For llama.cpp / llama-server, Harn has a separate llamacpp provider so Qwen thinking-template quirks can be modeled independently from other local OpenAI-compatible servers. Set LLAMACPP_BASE_URL when it is not listening on http://127.0.0.1:8001. harn models install local-qwen3.6-gguf prints the recommended Qwen3.6 GGUF download. Use harn local launch local-qwen3.6 --provider llamacpp --model-source <path-to-gguf> to start a Harn-managed server, record its PID/log, verify readiness, and make harn local stop responsible for cleanup.

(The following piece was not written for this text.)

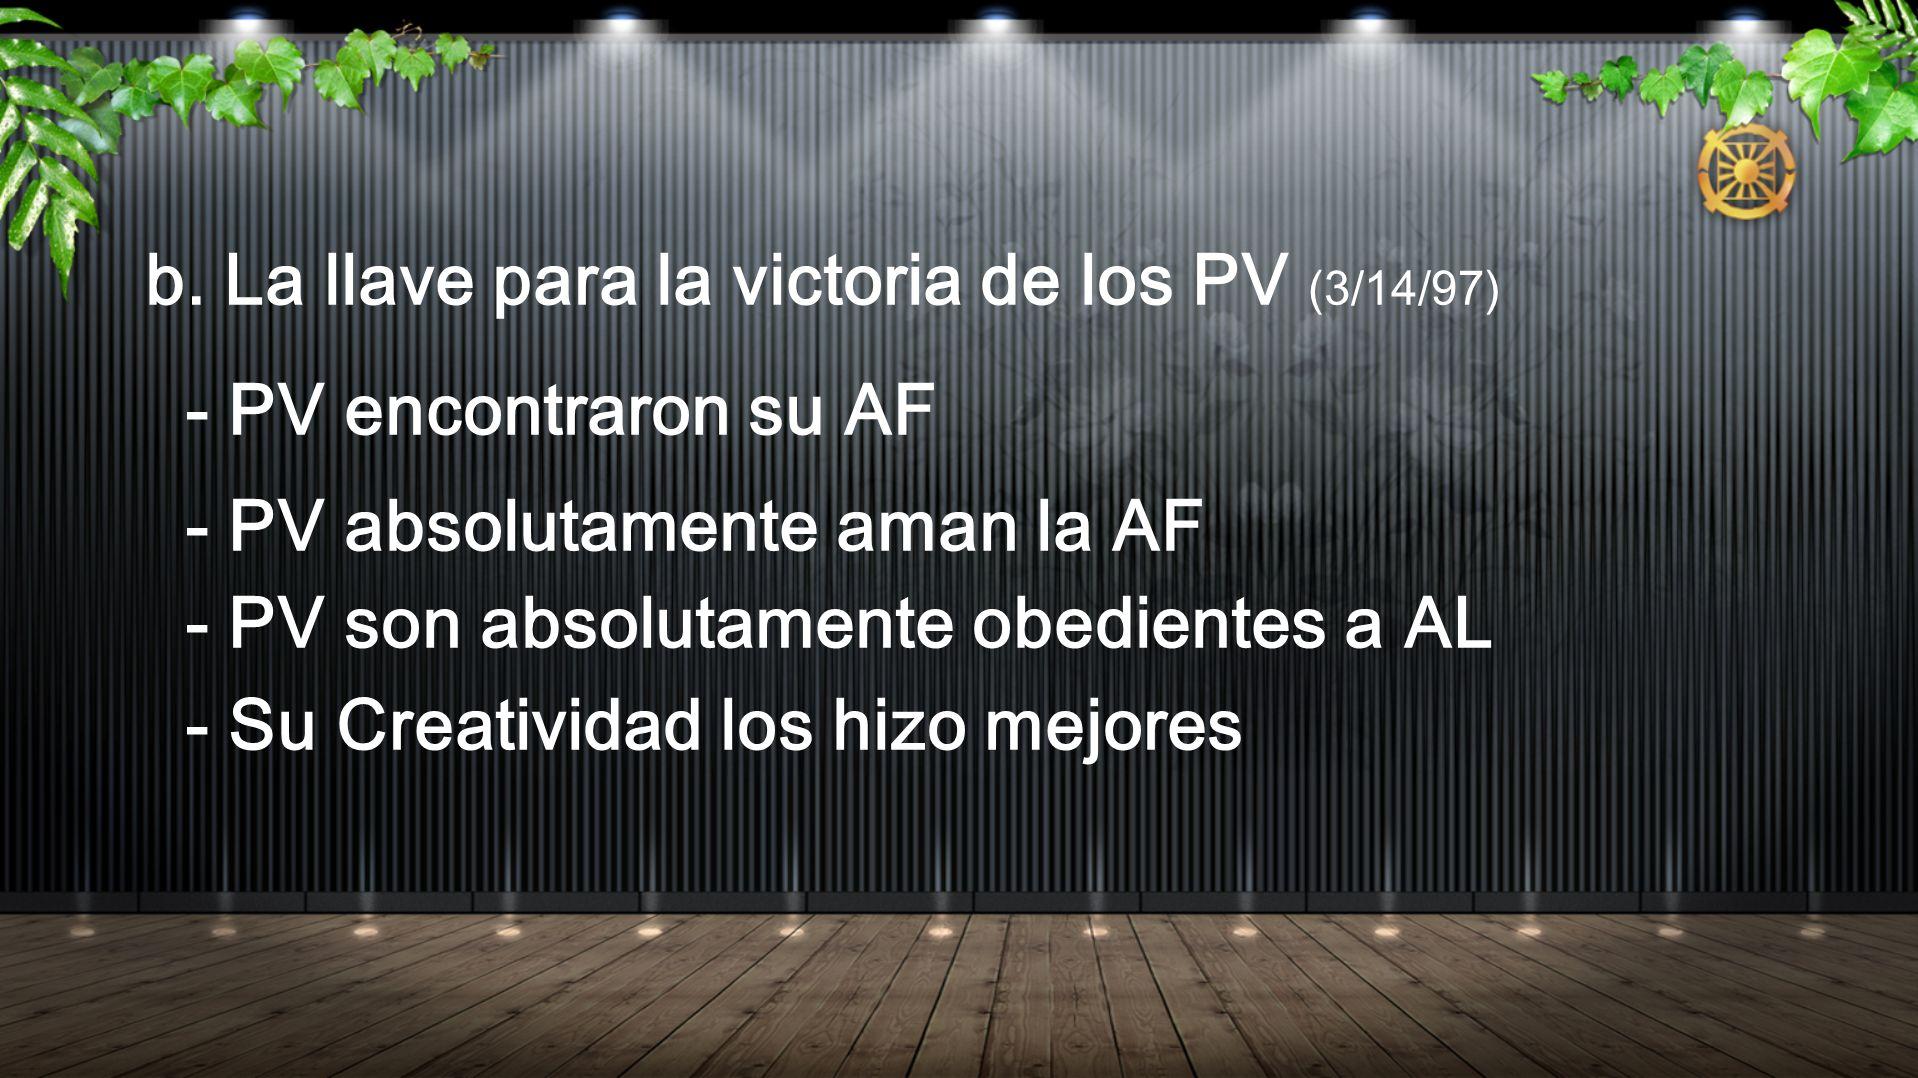 b. La llave para la victoria de los PV (3/14/97)

For an Apple Silicon MLX OpenAI-compatible server, Harn uses MLX_BASE_URL with a default of http://127.0.0.1:8002. Run harn provider-ready mlx --model mlx-qwen36-27b to probe /v1/models and verify that the configured model or alias is currently served. harn local launch mlx-qwen36-27b --provider mlx --model-source <mlx-path-or-hf-repo> uses the catalog's MLX launch shape (mlx_lm.server, host, port, readiness) and stores a tracked PID for harn local stop.

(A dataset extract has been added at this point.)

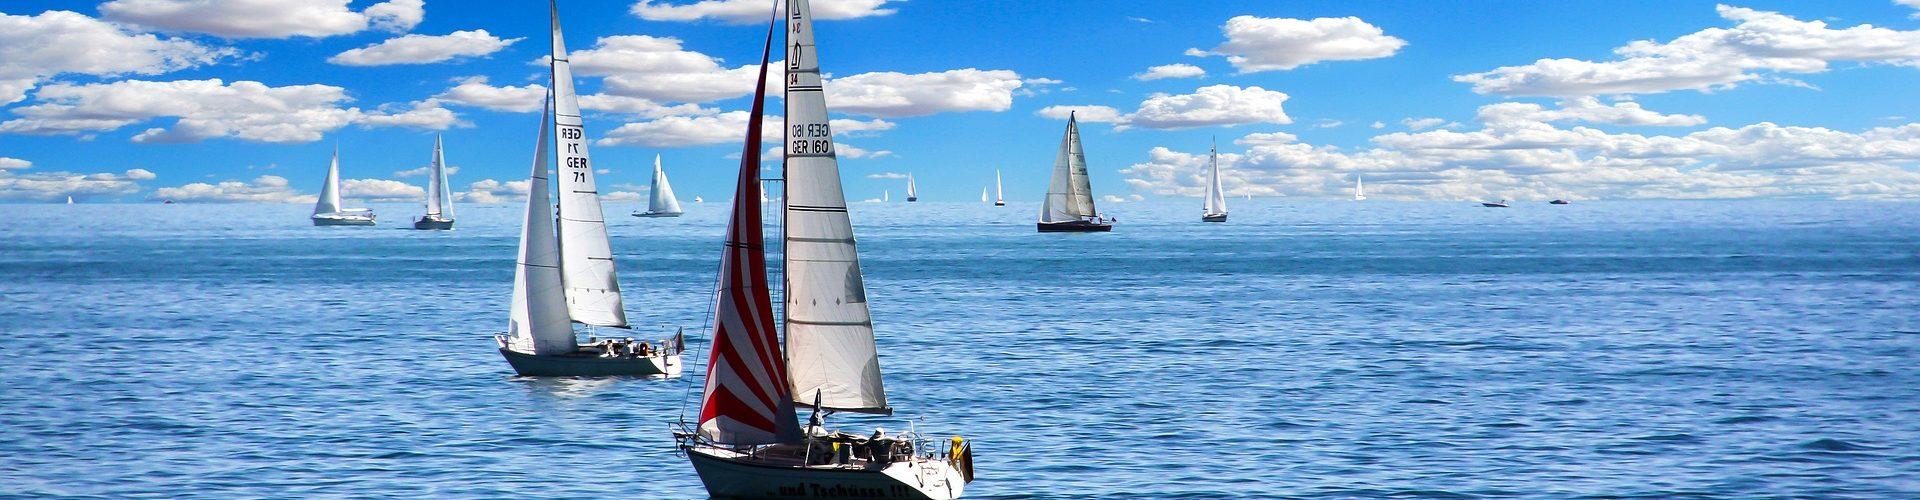 segeln lernen in Stadum segelschein machen in Stadum 1920x500 - Segeln lernen in Stadum

harn local runtime lifecycle

For interactive local-model setups, harn local unifies the per-provider CLIs (ollama, llama-server, mlx_lm.server) under one surface:

# Survey every local provider, with served models and loaded-model
# memory footprint (Ollama /api/ps).
harn local list

# Active selection + machine profile defaults derived from RAM/GPU.
harn local status

# Bring up a model through the provider's cataloged lifecycle:
# Ollama warms the daemon; llama.cpp/MLX launch a tracked process.
harn local launch devstral-small-2:24b --provider ollama
harn local launch local-qwen3.6 --provider llamacpp --model-source ~/models/qwen3.6/Qwen3.6-35B-A3B-UD-Q4_K_XL.gguf --ctx 8192
harn local launch mlx-qwen36-27b --provider mlx --model-source unsloth/Qwen3.6-27B-UD-MLX-4bit

# Warm a model on its provider, evict conflicting local runtimes
# (drains Ollama's loaded set, stops tracked llama.cpp/MLX PIDs), and
# persist the selection to <state>/local/selection.json.
harn local switch qwen36-coder --ctx 65536 --keep-alive 1h

# Explain whether a model/runtime route is preferred, experimental, or
# quarantined on this machine profile.
harn local profile local-qwen3.6 --provider llamacpp --json

# Unload via keep_alive=0 (Ollama) or SIGTERM tracked PIDs.
harn local stop --all

--ctx / --keep-alive default to a machine profile derived from RAM and accelerator presence — a 48 GB Apple Silicon laptop picks a wider context window than a low-RAM Linux box. Override either by passing the flag explicitly. State lives under <state_root>/local/ (HARN_STATE_DIR honored).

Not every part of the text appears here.